Ask Joe Eisner: Are telephone or emails a violation of the Open Meetings Law?

Q: Are telephone conversations, letters or emails between library board members a violation of the requirements of the Open Meetings Law?

A: The following Committee on Open Government opinion offers guidance: “From my perspective, in most instances… ‘communications between Board members by any means including e-mails, letters and telephone calls which generate responses and dialogue’ may be, but are not generally inappropriate. In my experience, there are numerous situations in which detailed communications have been prepared and disseminated to or among members of public bodies in which the Open Meetings Law is not implicated. Often those communications serve as a means of acquiring or exchanging information, knowledge, expertise or different points of view, all of which enable members of public bodies to carry out their duties more effectively on behalf of the public.

“If a member of a board having a particular interest or expertise offers information in writing to other members, by means of intra-agency memorandum or perhaps via email, I do not believe that it could be concluded that such action, by itself, would constitute a meeting, even if it leads to responses by other members. In my capacity as the director of an agency headed by a public body, I frequently transmit a variety of detailed materials to the members of the Committee on Open Government prior to its meetings in order that the members can become familiar with the issues, and to be prepared and conversant at the meetings. In some cases, the materials may be clear and convincing, thereby eliminating the need for a lengthy discussion of their contents at an upcoming meeting. I do not believe that the transmission, whether accomplished through receipt or consideration of the materials by use of email or the Postal Service, would constitute a meeting or that such activity in any way circumvents or contravenes the Open Meetings Law. If a superintendent of schools transmits materials to board members prior to meetings for the same reason, to enable the members to prepare for a meeting, I do not believe that the Open Meetings Law would be implicated. If two of the members want to discuss or communicate with respect to the content of the materials, whether briefly or in detail, unless the board consists of three members, I do not believe that the Open Meetings Law would apply or be implicated in any way.

“As you are likely aware, there are different kinds of telephonic or email communications. Depending on their nature and factual circumstances, there may or may not be considerations involving the Open Meetings Law.

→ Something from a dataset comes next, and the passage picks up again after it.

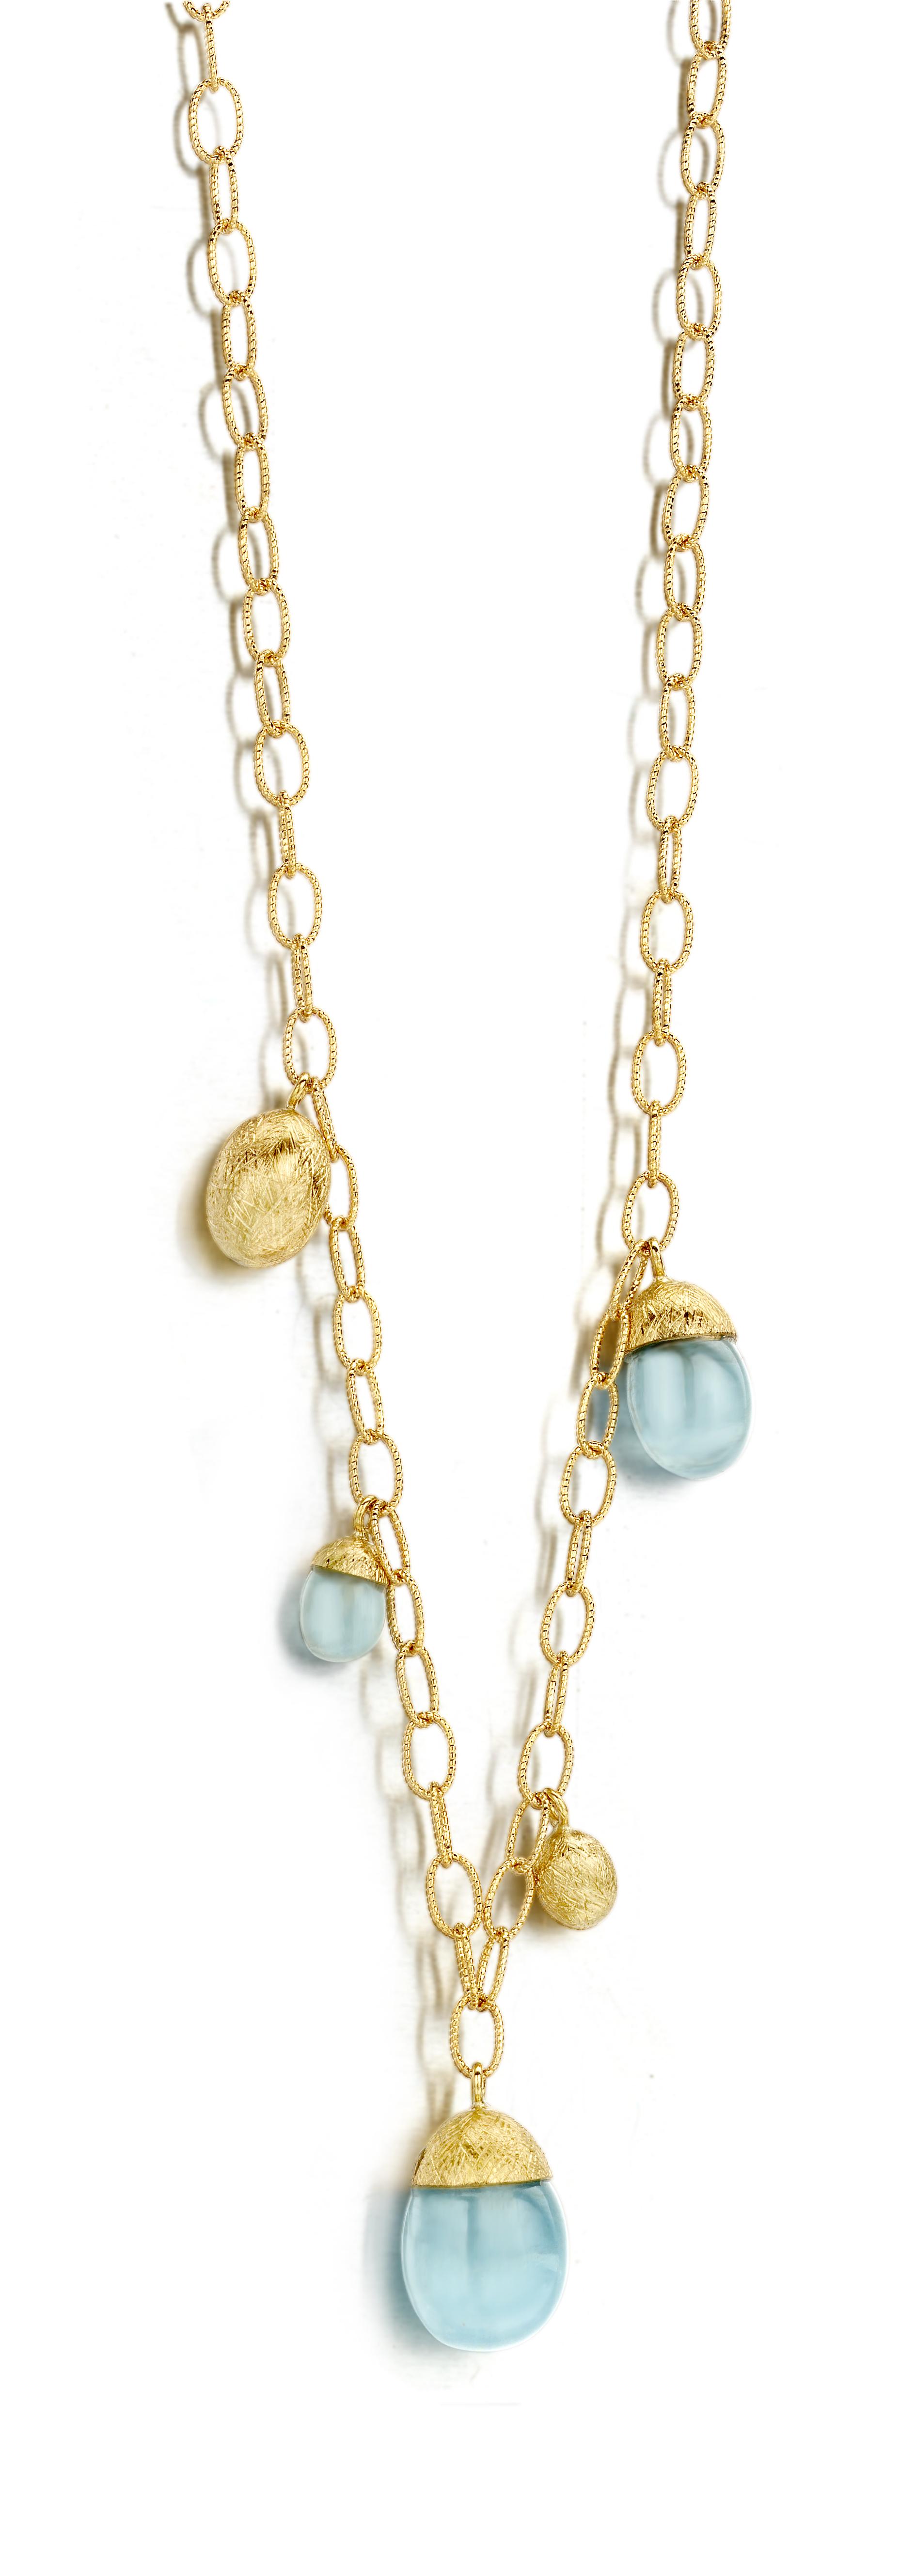 Nanis Necklace | Camarillo Jewelers | Van Gundys

“When a list of recipients of email, a listserv or its equivalent, is developed, those on the list receive an email message from a sender. The recipients generally open the contents at different times. If I am on the list, if the pc on my desk is on and a message is sent to me, I will open it now. Another recipient may be out of the office or receive the message on his or her home computer, and that person might not open the mail until the next day. A third might not routinely open his or her email and might not see the message until three days have passed. In that kind of circumstance, irrespective of the nature or content of the communication, even though each person on the list has received the same message, and even though the message might engender a response, I do not believe that the transmission or receipt of messages or information by means of email would constitute a ‘meeting’ or that the Open Meetings Law would be implicated, unless, of course, the response involves a vote. In my opinion, there is little distinction between the communication of messages, memoranda and the like via the listserv and traditional inter-office mail. In both of those situations, although the same message may be distributed to all of the recipients, the messages are received at different times, there is no instantaneous interactive communication among the recipients, and no meeting, in my opinion, would be conducted.

“If the members of a board of education are on a listserv or its equivalent and one member transmits an email message to all of the other members, again, the members would likely open the message at different times. But what if the receipt of a message precipitates a series of exchanges among the members? What if a majority of the members engage in instantaneous or simultaneous communications in a chat room or by means of instant messaging on what often is known as a “buddy list”? In that situation, what might be characterized as a ‘virtual’ meeting would occur, absent the ability of the public to know of the meeting or to observe the performance of public officials. In my view, a court would determine that a virtual convening of that nature would constitute a secret meeting held in contravention of the Open Meetings Law.

“Another possible scenario pertains to what might be characterized as ‘serial’ communications. Although it did not involve email, the decision cited… [in] Cheevers… involved an effort to take action by means of a series of telephone conversations. In that case, the court determined that the action effectively taken was a nullity. The court cited and relied upon an opinion rendered by this office and stated that:

‘…there is a question as to whether the series of telephone calls among the individual members constitutes a meeting which would be subject to the Open Meetings Law. A meeting is defined as ‘the official convening of a public body for the purpose of conducting public business’ (Public Officers Law §102[1]). Although ‘not every assembling of the members of a public body was intended to fall within the scope of the Open Meetings Law [such as casual encounters by members], ***informal conferences, agenda sessions and work sessions to invoke the provisions of the statute when a quorum is present and when the topics for discussion and decision are such as would otherwise arise at a regular meeting’ (Matter of Goodson Todman Enter. v. City of Kingston Common Council, 153 AD2d 103, 105). Peripheral discussions concerning an item of public business are subject to the provisions of the statute in the same manner was formal votes (see, Matter of Orange County Publs. v. Council of City of Newburgh, 60 AD2d 309, 415 Affd 45 NY2d 947).

‘The issue was the Town’s policy concerning tax assessment reductions, clearly a matter of public business. There was no physical gathering, but four members of the five member board discussed the issue in a series of telephone calls. As a result, a quorum of members of the Board were ‘present’ and determined to publish the Dear Resident article. The failure to actually meet in person or have a telephone conference in order to avoid a ‘meeting’ circumvents the intent of the Open Meetings Law (see e.g., 1998 Advisory Opns Committee on Open Government 2877). This court finds that telephonic conferences among the individual members constituted a meeting in violation of the Open Meetings Law…’” (as quoted in Op COG 3787, May 4, 2004).

Note: Additional opinions on the propriety of email and telephone conversations amongst and between board members as regards compliance with the Open Meetings Law can be accessed at http://www.dos.ny.gov/coog/, then by clicking on at the right hand side of the page under SEARCHES, OML Advisory Opinions, and then using the alphabet chart, clicking on E to see the opinion numbers listed for E-mail meeting or voting or T for Telephone voting.

The foregoing should not be construed as legal advice, for which the services of counsel should be obtained.